→ **Provided data**:
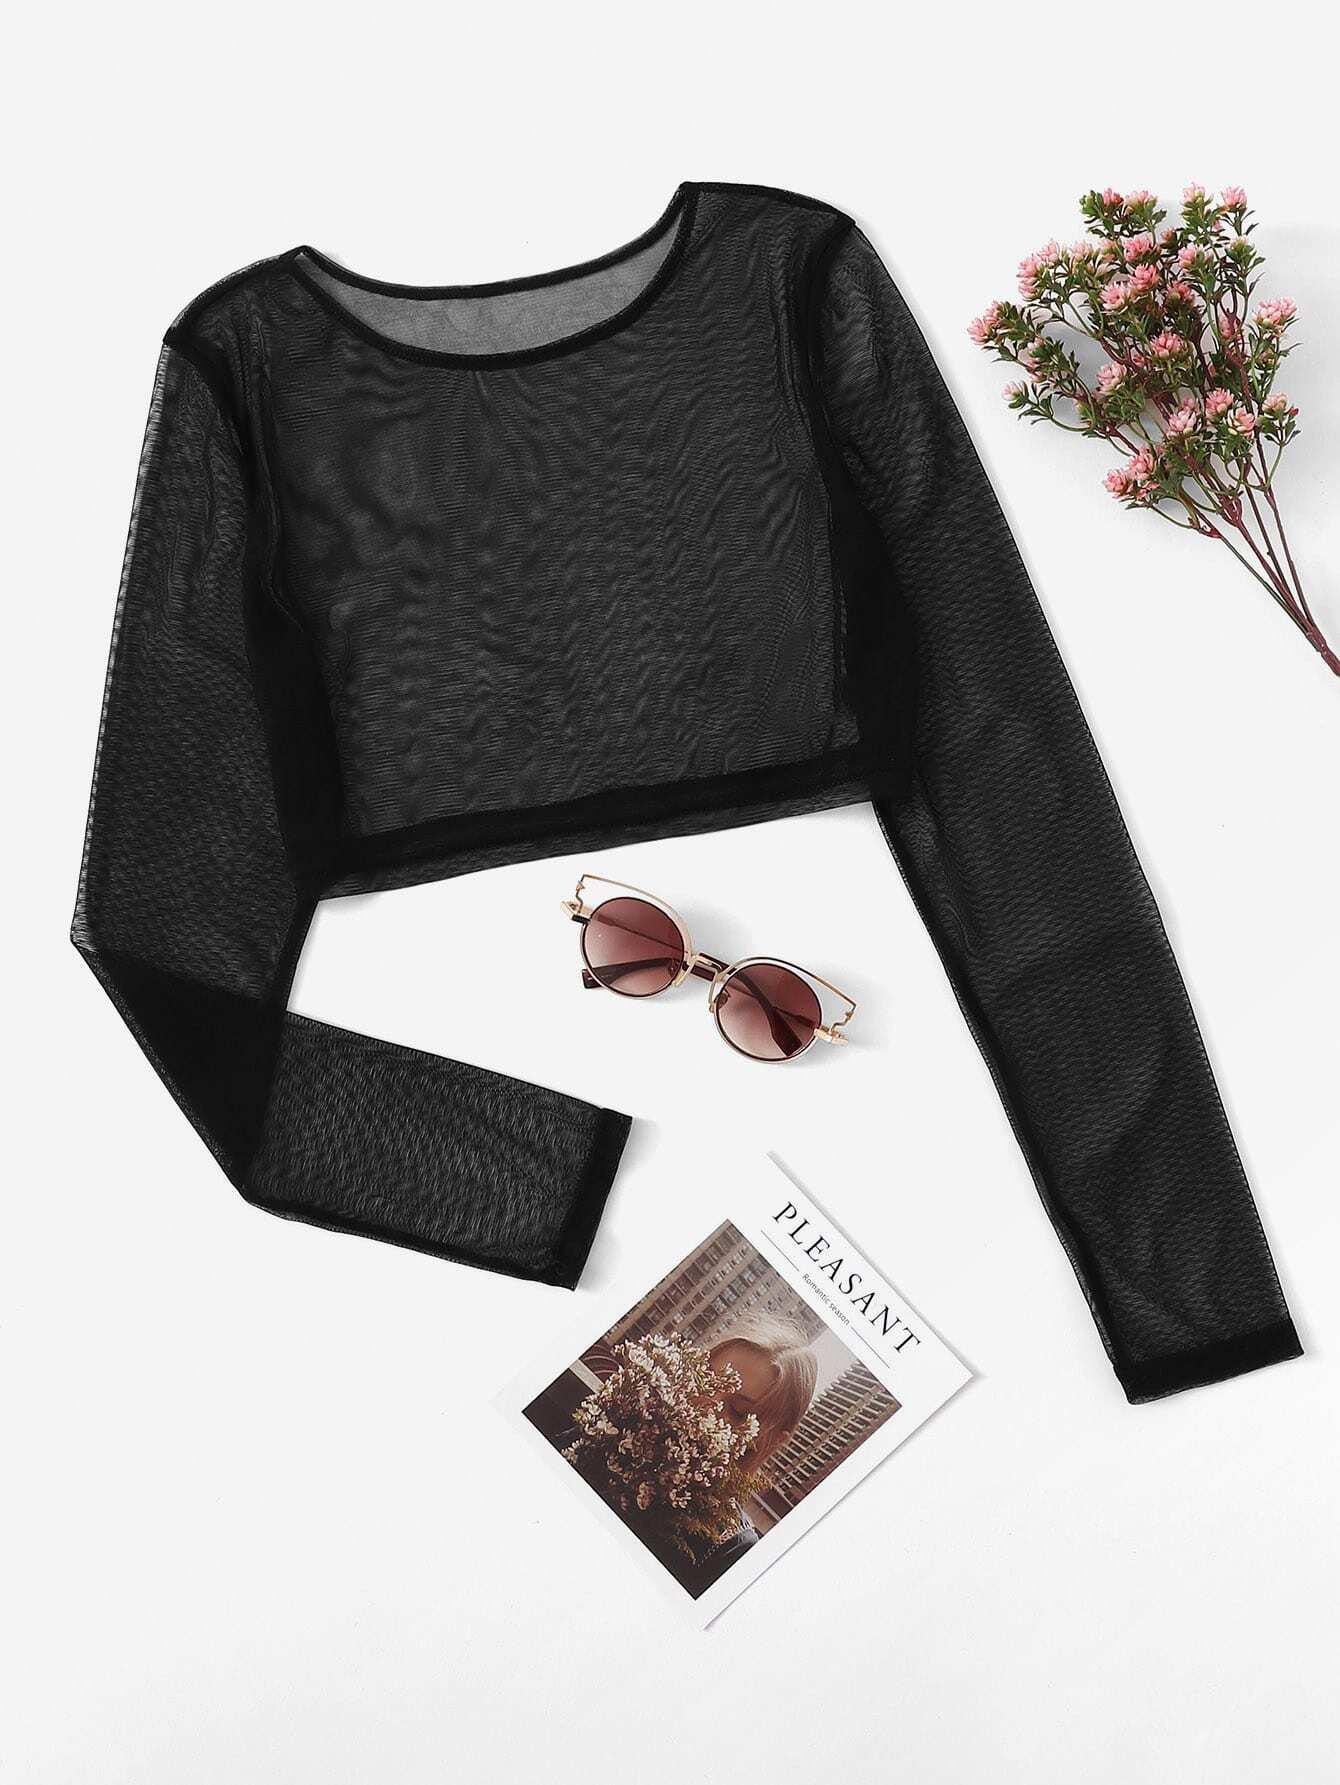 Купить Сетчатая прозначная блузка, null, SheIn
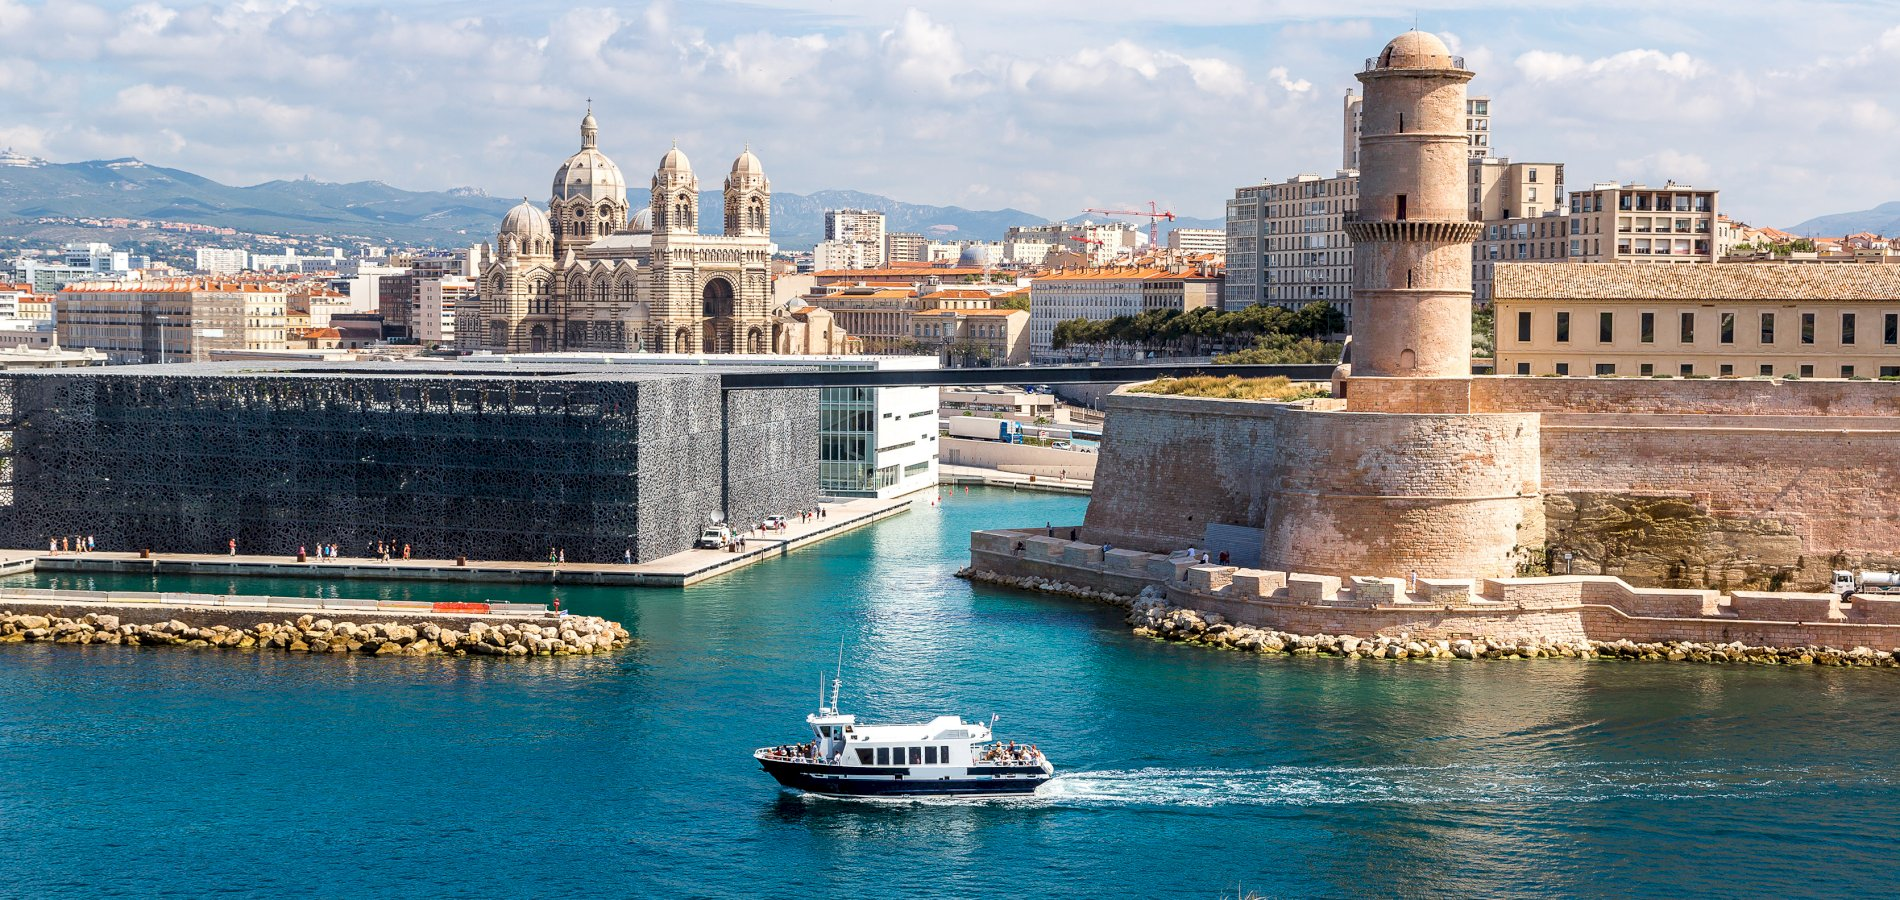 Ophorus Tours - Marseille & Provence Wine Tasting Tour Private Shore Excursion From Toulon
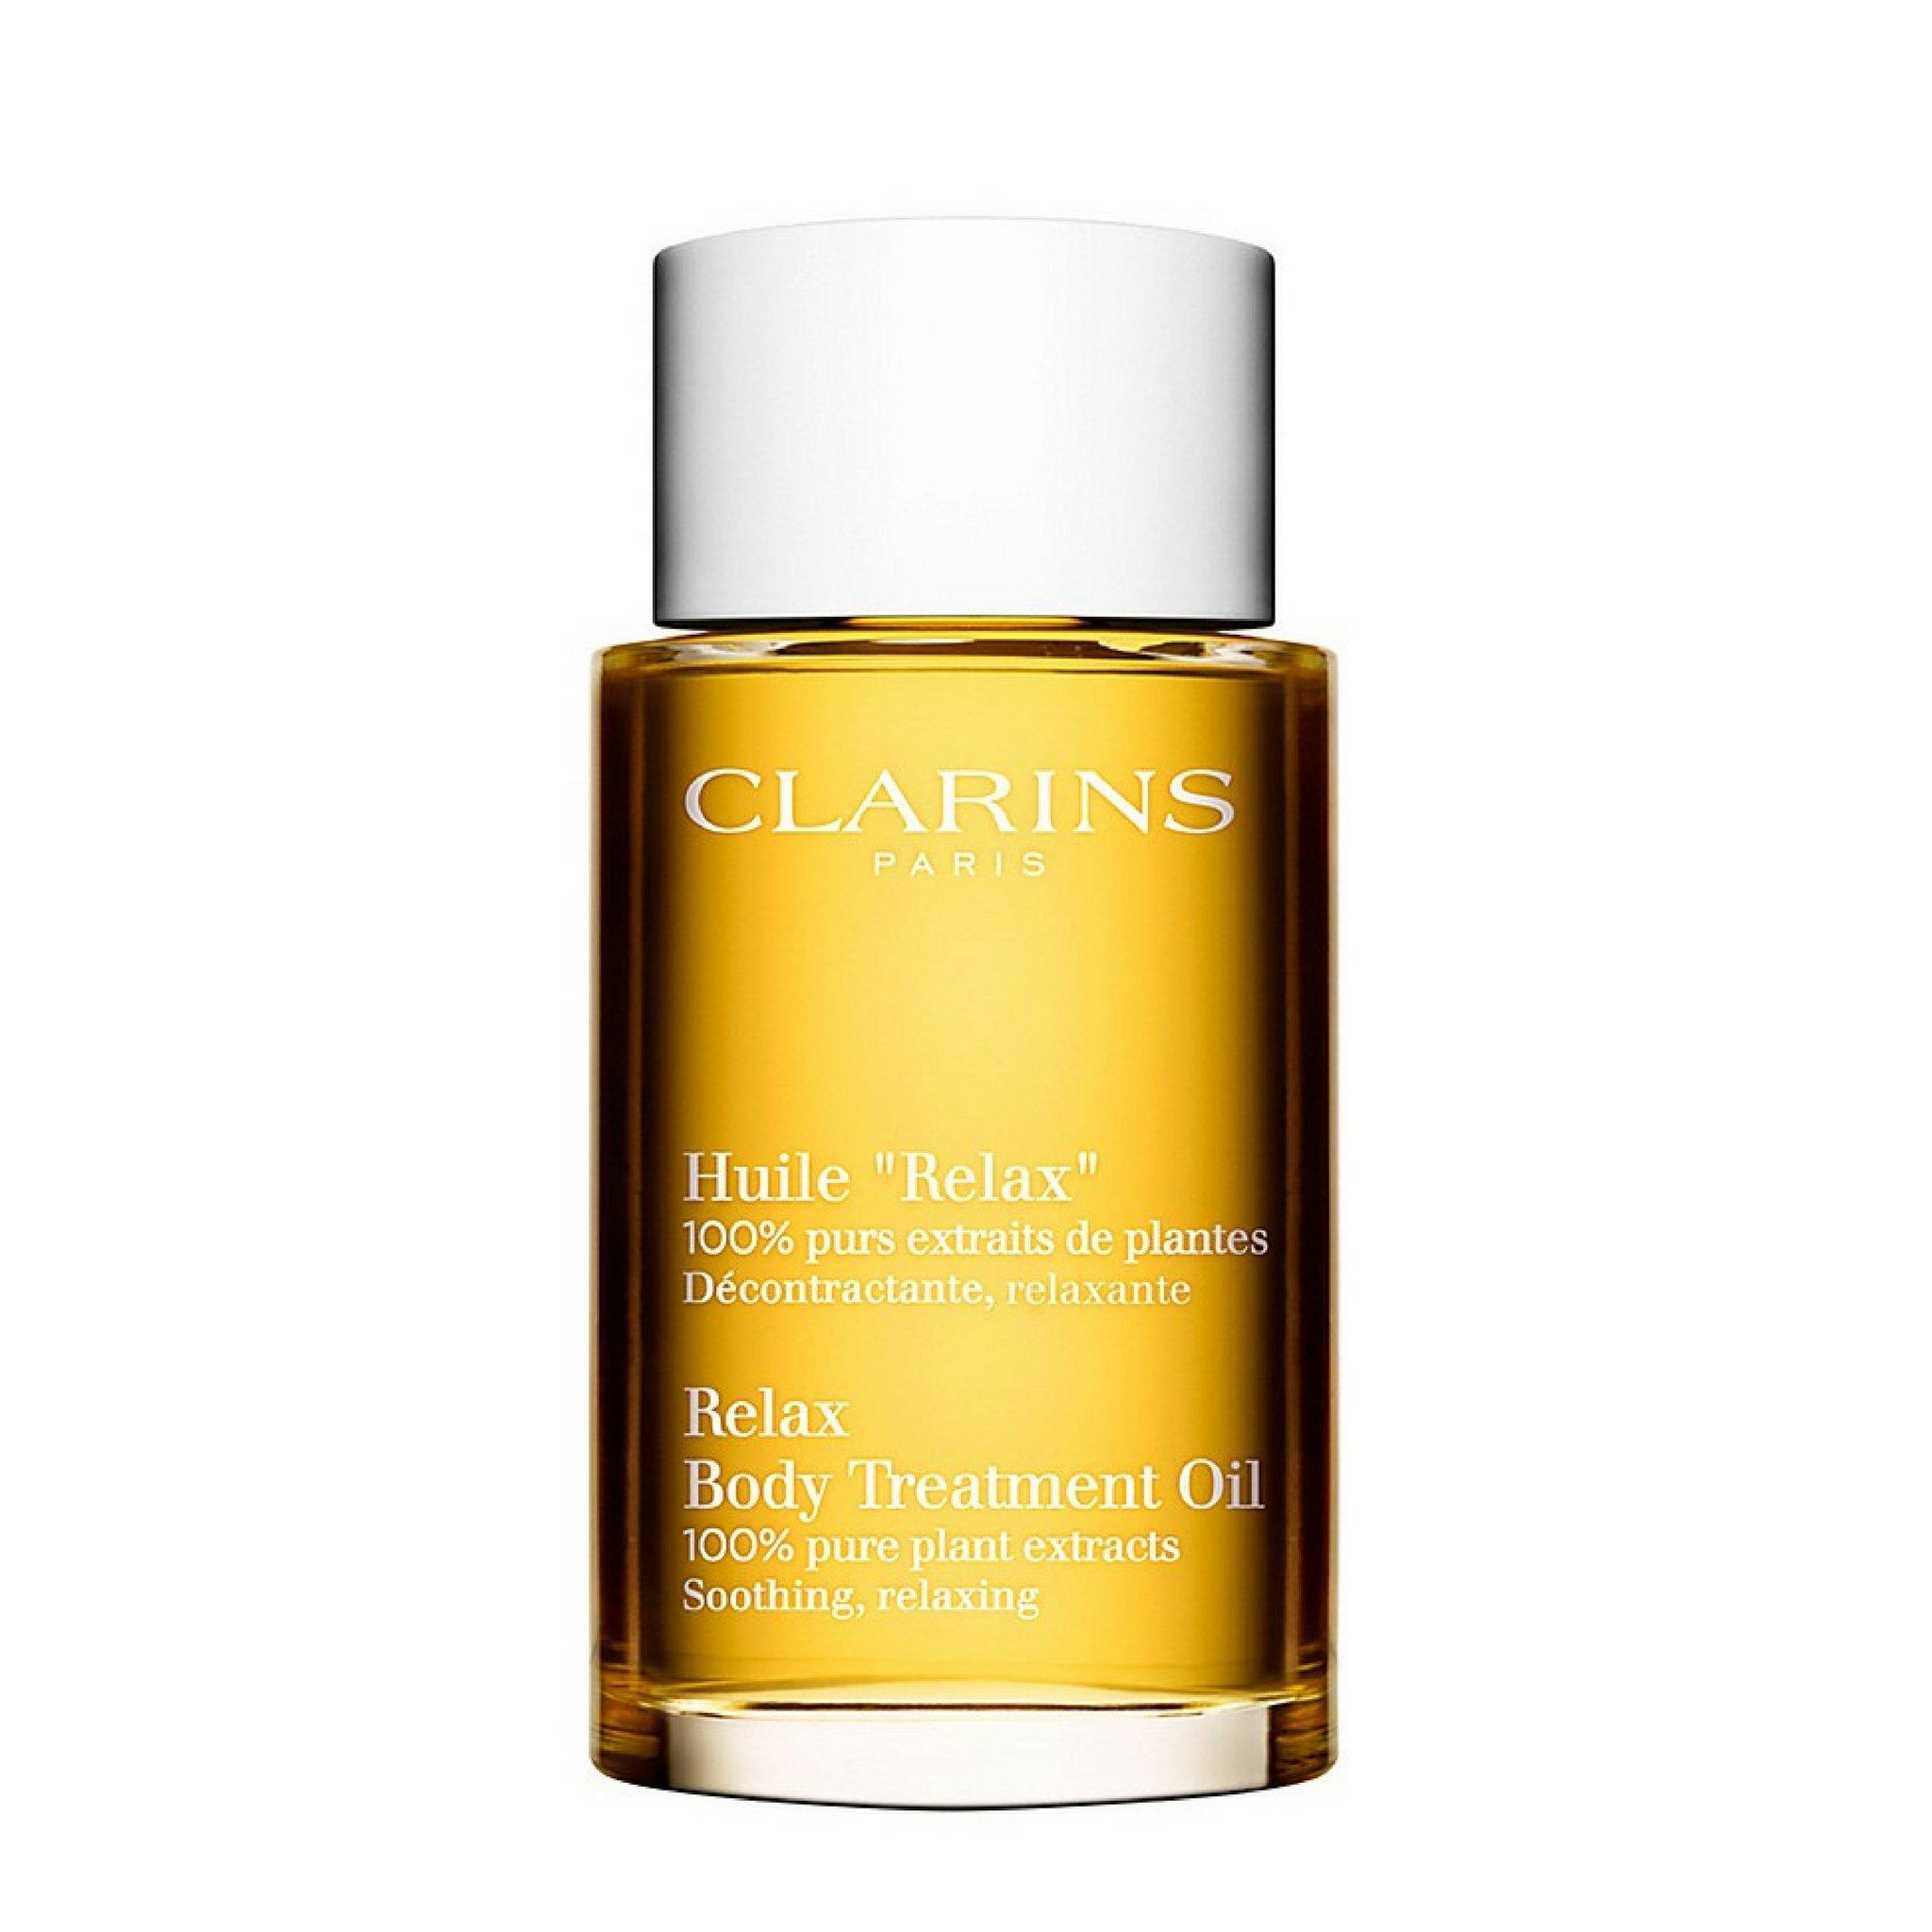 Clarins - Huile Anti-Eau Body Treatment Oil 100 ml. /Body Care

→ **Work item**:
All of the data is to be transcribed exactly, with images omitted.

→ **Written response**:
 Купить Сетчатая прозначная блузка, null, SheIn
 Ophorus Tours - Marseille & Provence Wine Tasting Tour Private Shore Excursion From Toulon
 Clarins - Huile Anti-Eau Body Treatment Oil 100 ml. /Body Care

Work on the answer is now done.